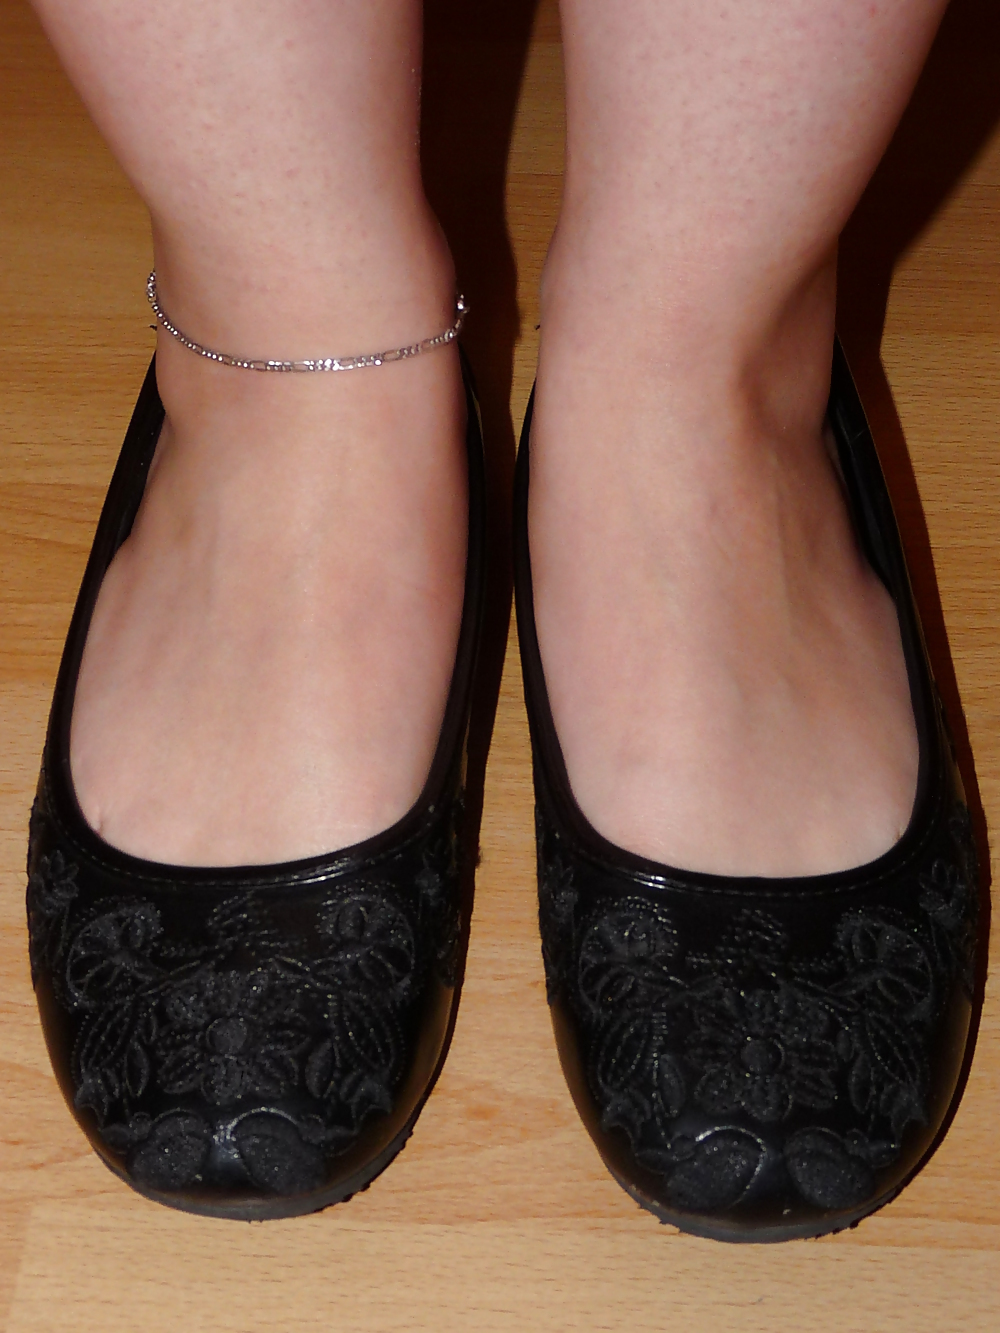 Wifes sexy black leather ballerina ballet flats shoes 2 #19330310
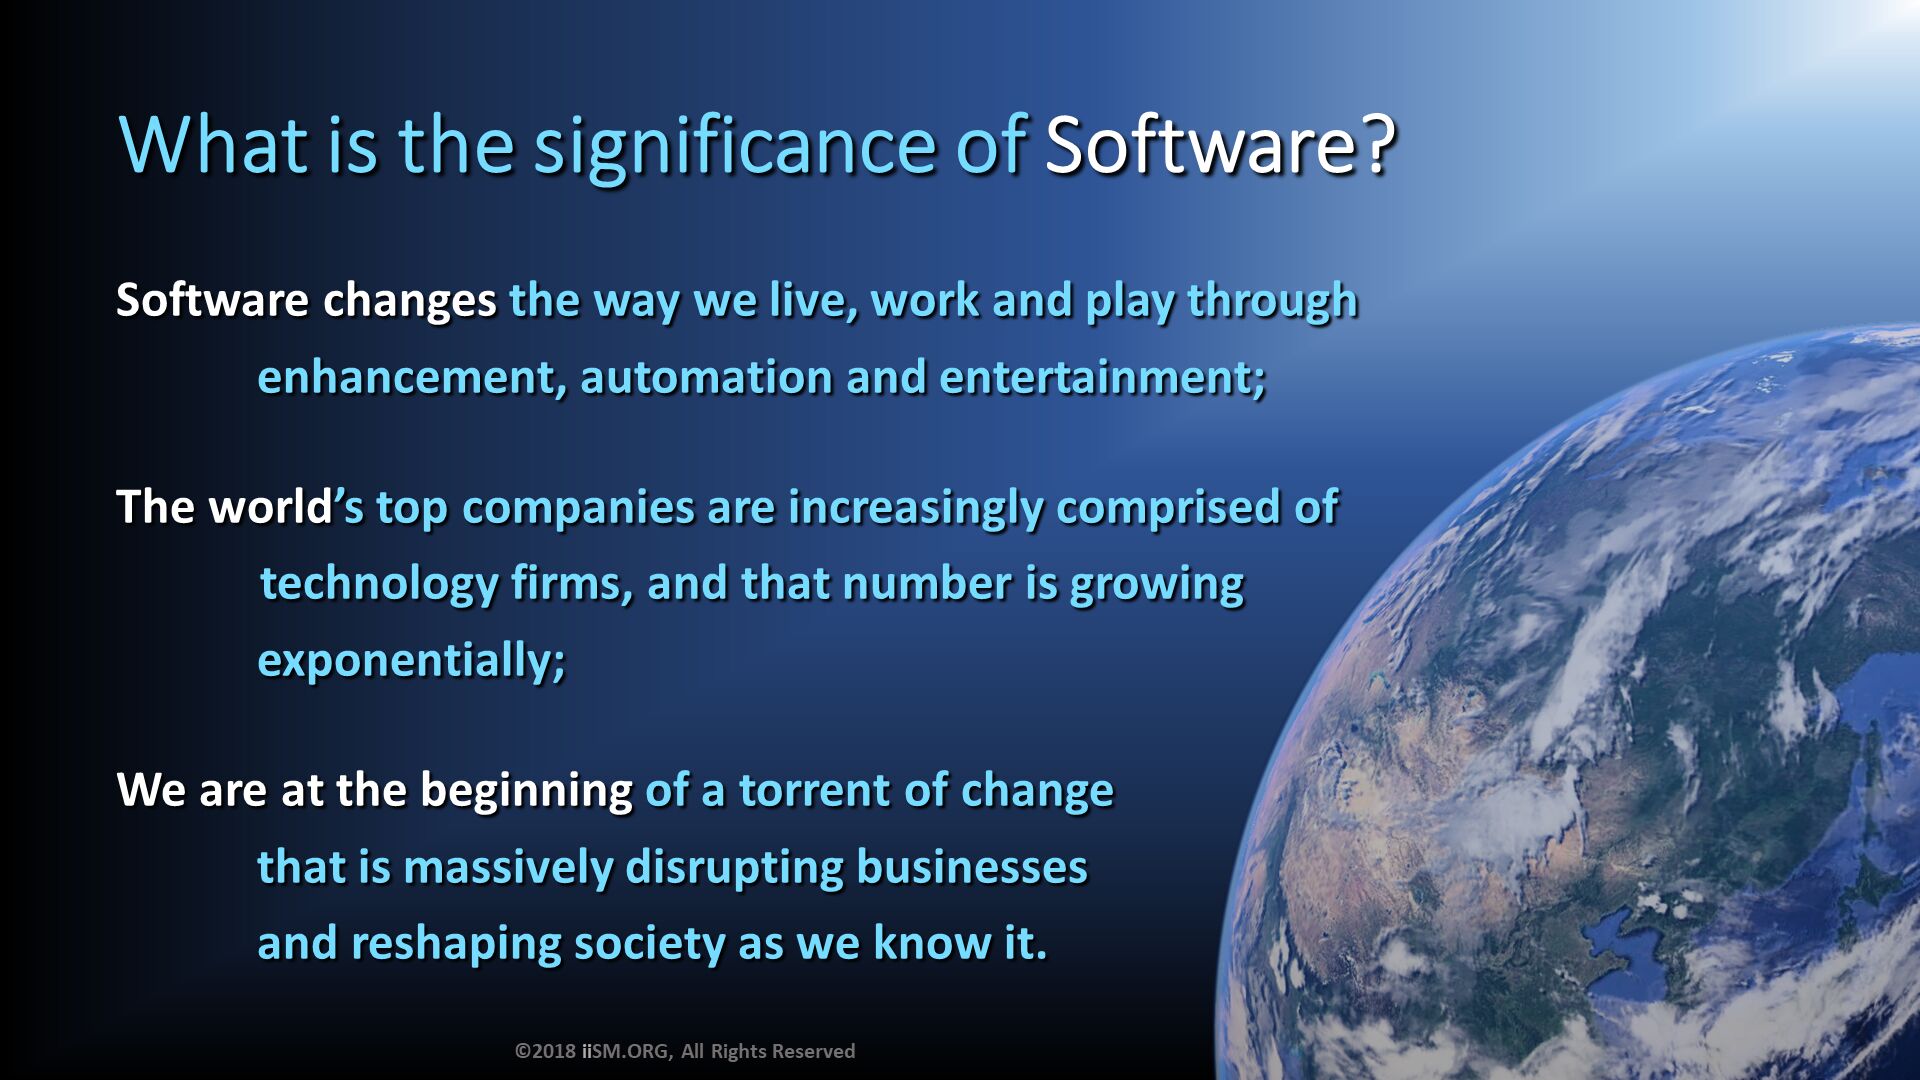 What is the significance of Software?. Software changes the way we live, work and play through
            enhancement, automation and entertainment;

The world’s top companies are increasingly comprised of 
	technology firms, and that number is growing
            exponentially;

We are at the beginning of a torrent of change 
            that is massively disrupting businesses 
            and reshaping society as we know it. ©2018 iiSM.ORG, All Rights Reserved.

*Task item:* Task for the records above: copy every line in which the word "that" occurs.

*Result of the task:*
	technology firms, and that number is growing
            that is massively disrupting businesses 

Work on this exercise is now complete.